El resultado inmediato ha sido el alza del precio del maíz. Porque al actual precio del petróleo el etanol sale más barato que la gasolina. Pero por otra parte, los EE.UU. tiene un estimado de 15 millones de hectáreas aptas para el cultivo de maíz, a cuyos propietarios Washington les paga para mantenerlas baldías. Esas tierras se incorporarán a la producción para etanol.
Si la tendencia es un alza en el precio del maíz, sería insensato perder nuestra producción por una diferencia de pocos centavos entre el precio de una tonelada de maíz americano puesto en puerto ecuatoriano, y el nuestro. Lo lógico sería que el Ecuador subsidie temporalmente al producto nacional, a la espera de ver si el maíz americano sube de precio y torna innecesario el subsidio, o en su defecto, la diferencia de precios a favor del americano se mantiene o se amplía, y por lo tanto sería necesario cambiar de cultivo.
El panorama se complica más por cuanto al utilizar maíz para hacer etanol, queda como subproducto la torta que se utiliza en los alimentos balanceados. Como con un TLC los productos industrializados no pagarían arancel, entraría al mercado una torta de maíz para balanceados americana, posiblemente más barata que aquella en base al maíz nacional. Lo que perjudicaría al maicero, pero favorecería al avicultor.

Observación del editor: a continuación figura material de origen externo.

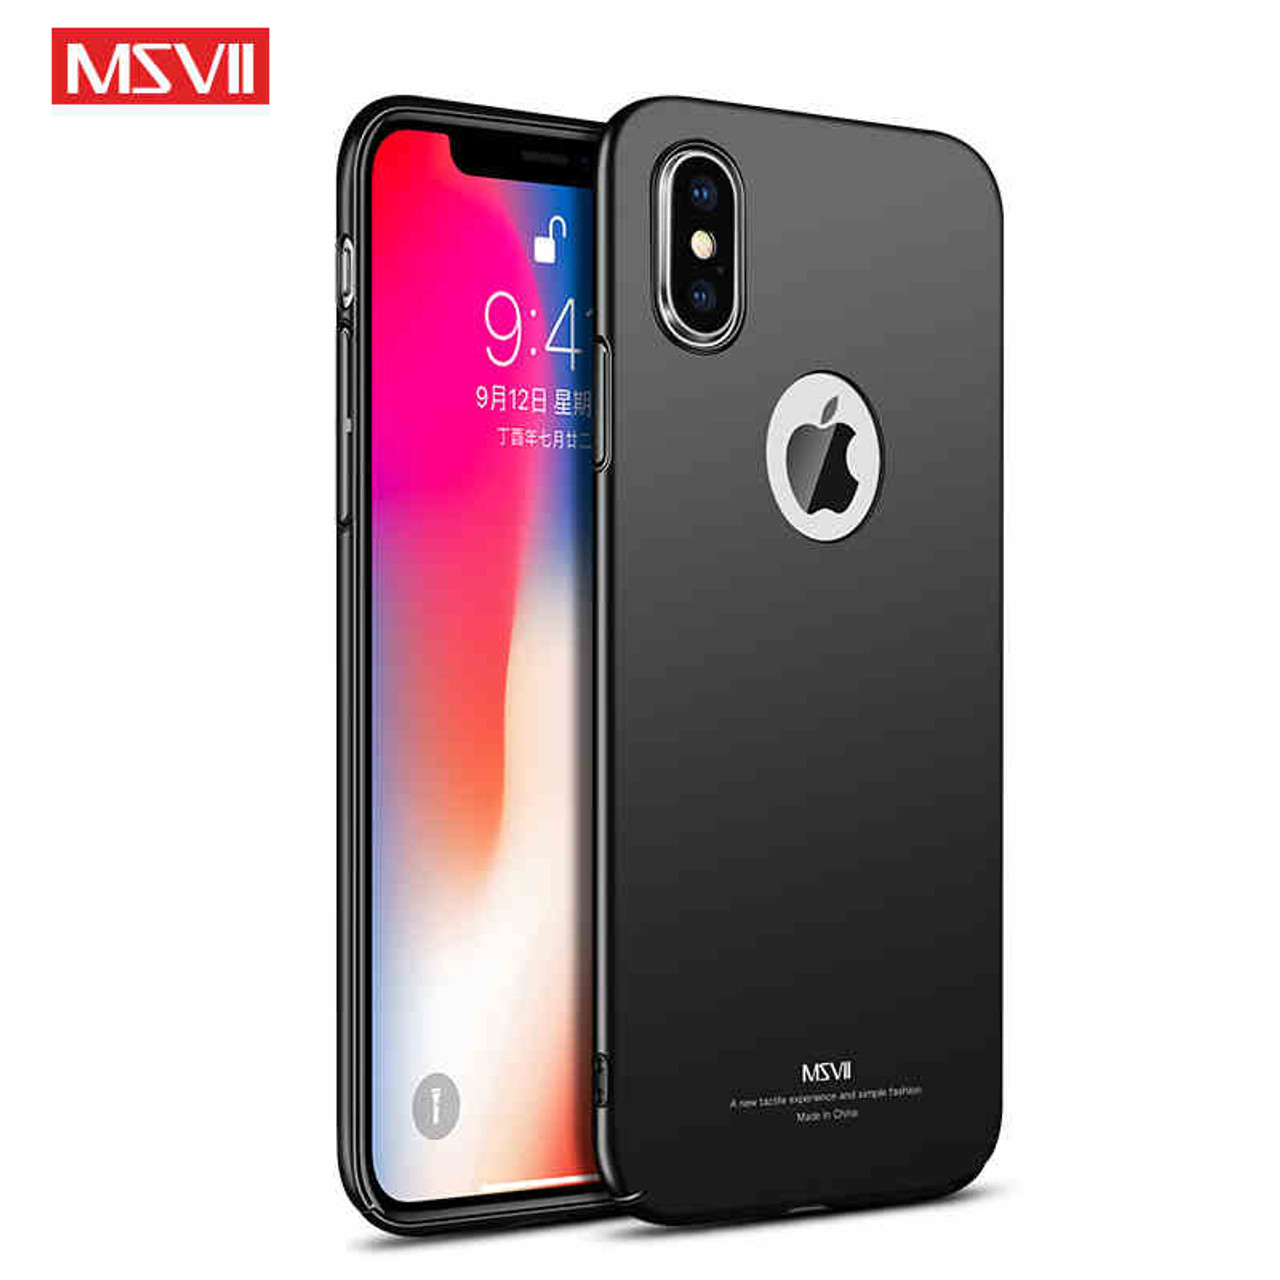 Msvii Cases For Iphone X Case Cover Silm Frosted Coque For Apple Iphone Xs Max Case Hard Phone Cover For Iphone Xs Xr Iphone10 Onshopdeals Com
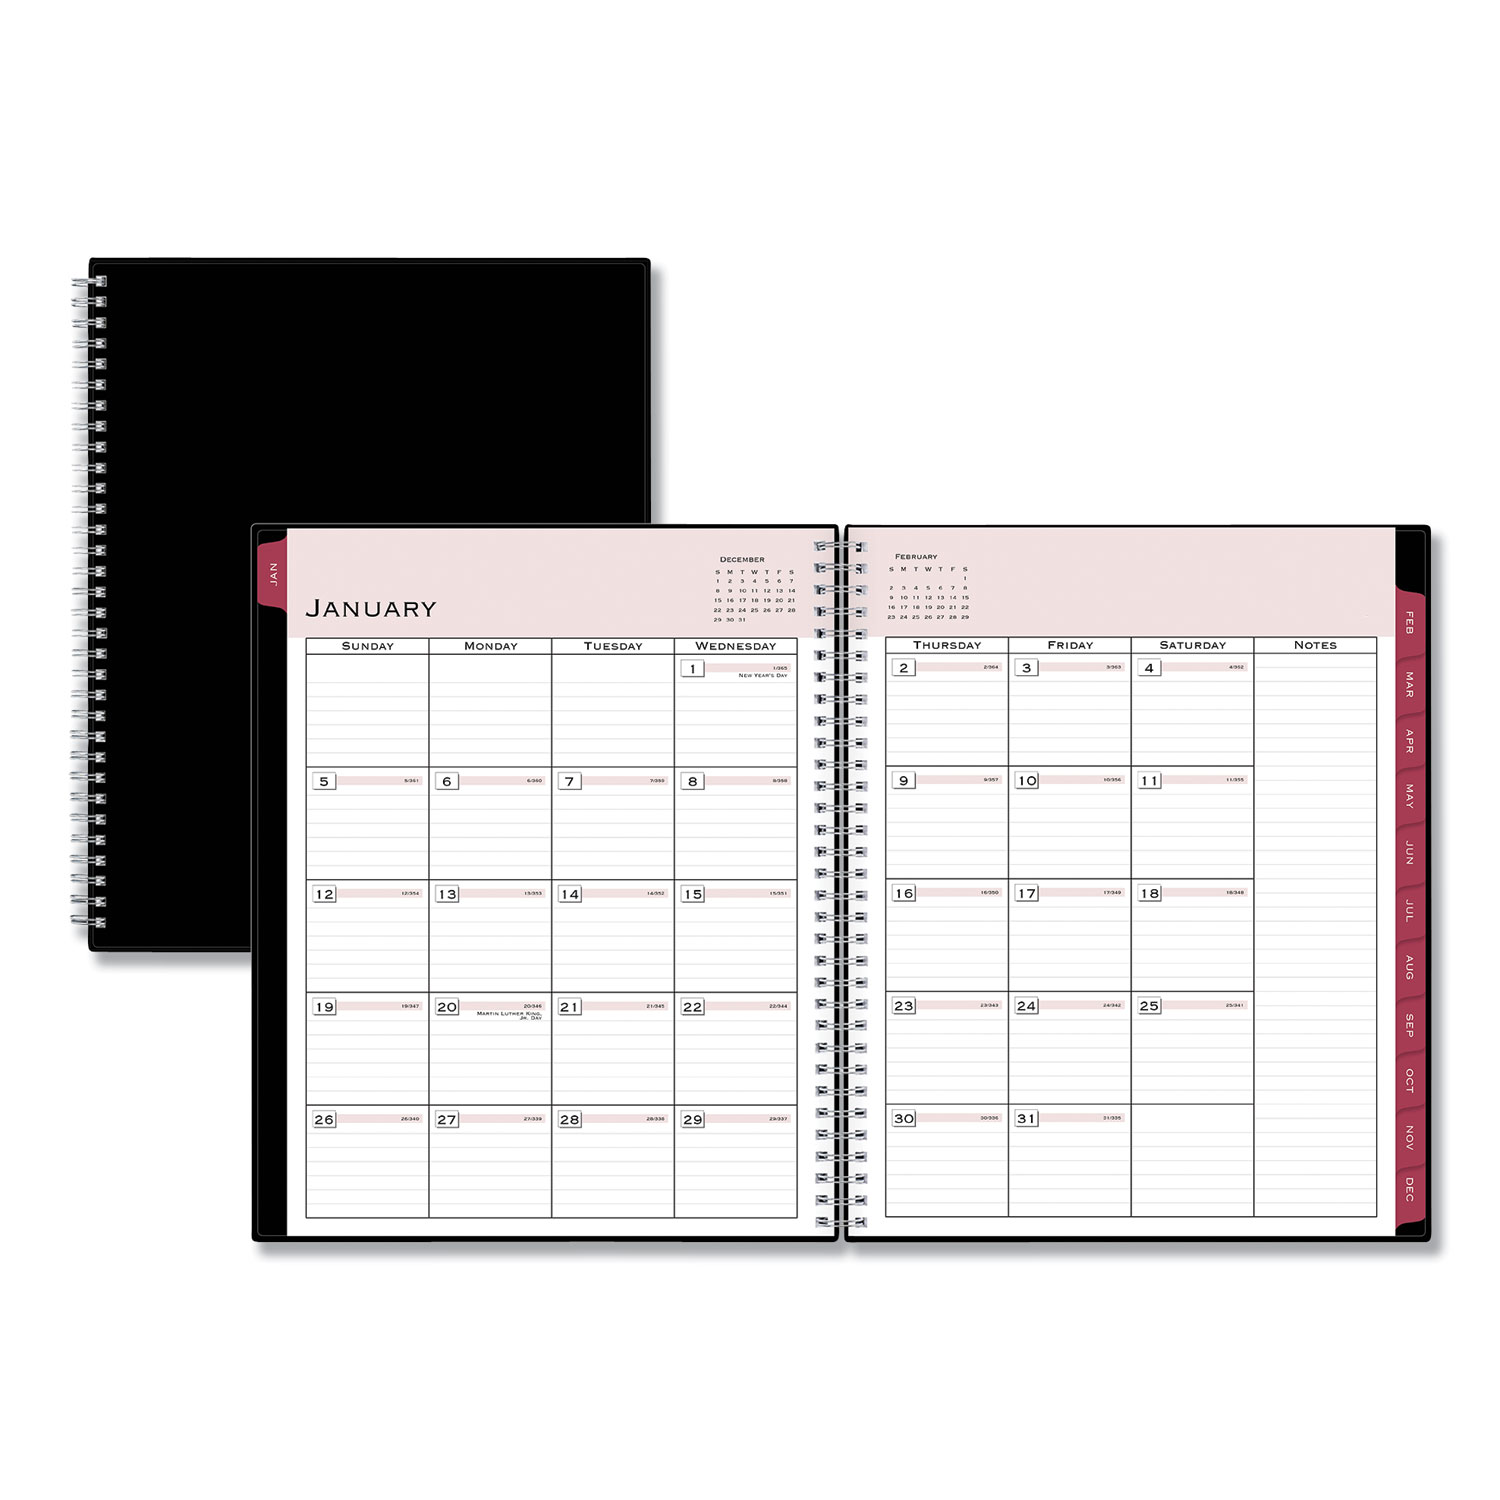  Blue Sky 111288 Classic Red Weekly/Monthly Planner, Open Scheduling, 11 x 8 1/2, Black Cover, 2020 (BLS111288)

Por últimos, hay la posibilidad también que aumentemos la producción de maíz, así como la de caña, para producir etanol.
Una estrategia nacional que incluya caña, maíz, arroz y avicultura, es indispensable.
La división entre los mundos de la alimentación y la energía, se está borrando. El alto precio del petróleo está llevando a que se cultive productos para el consumo de automóviles, y no de personas. Esto ya se hacía antes, sobre todo en el Brasil, pero requería de subsidio; ahora, es rentable. Esta nueva situación es positiva desde el punto de vista ecológico. Pero por otra parte, cuán ético es cultivar para alimentar máquinas, cuando hay humanos que padecen de hambre.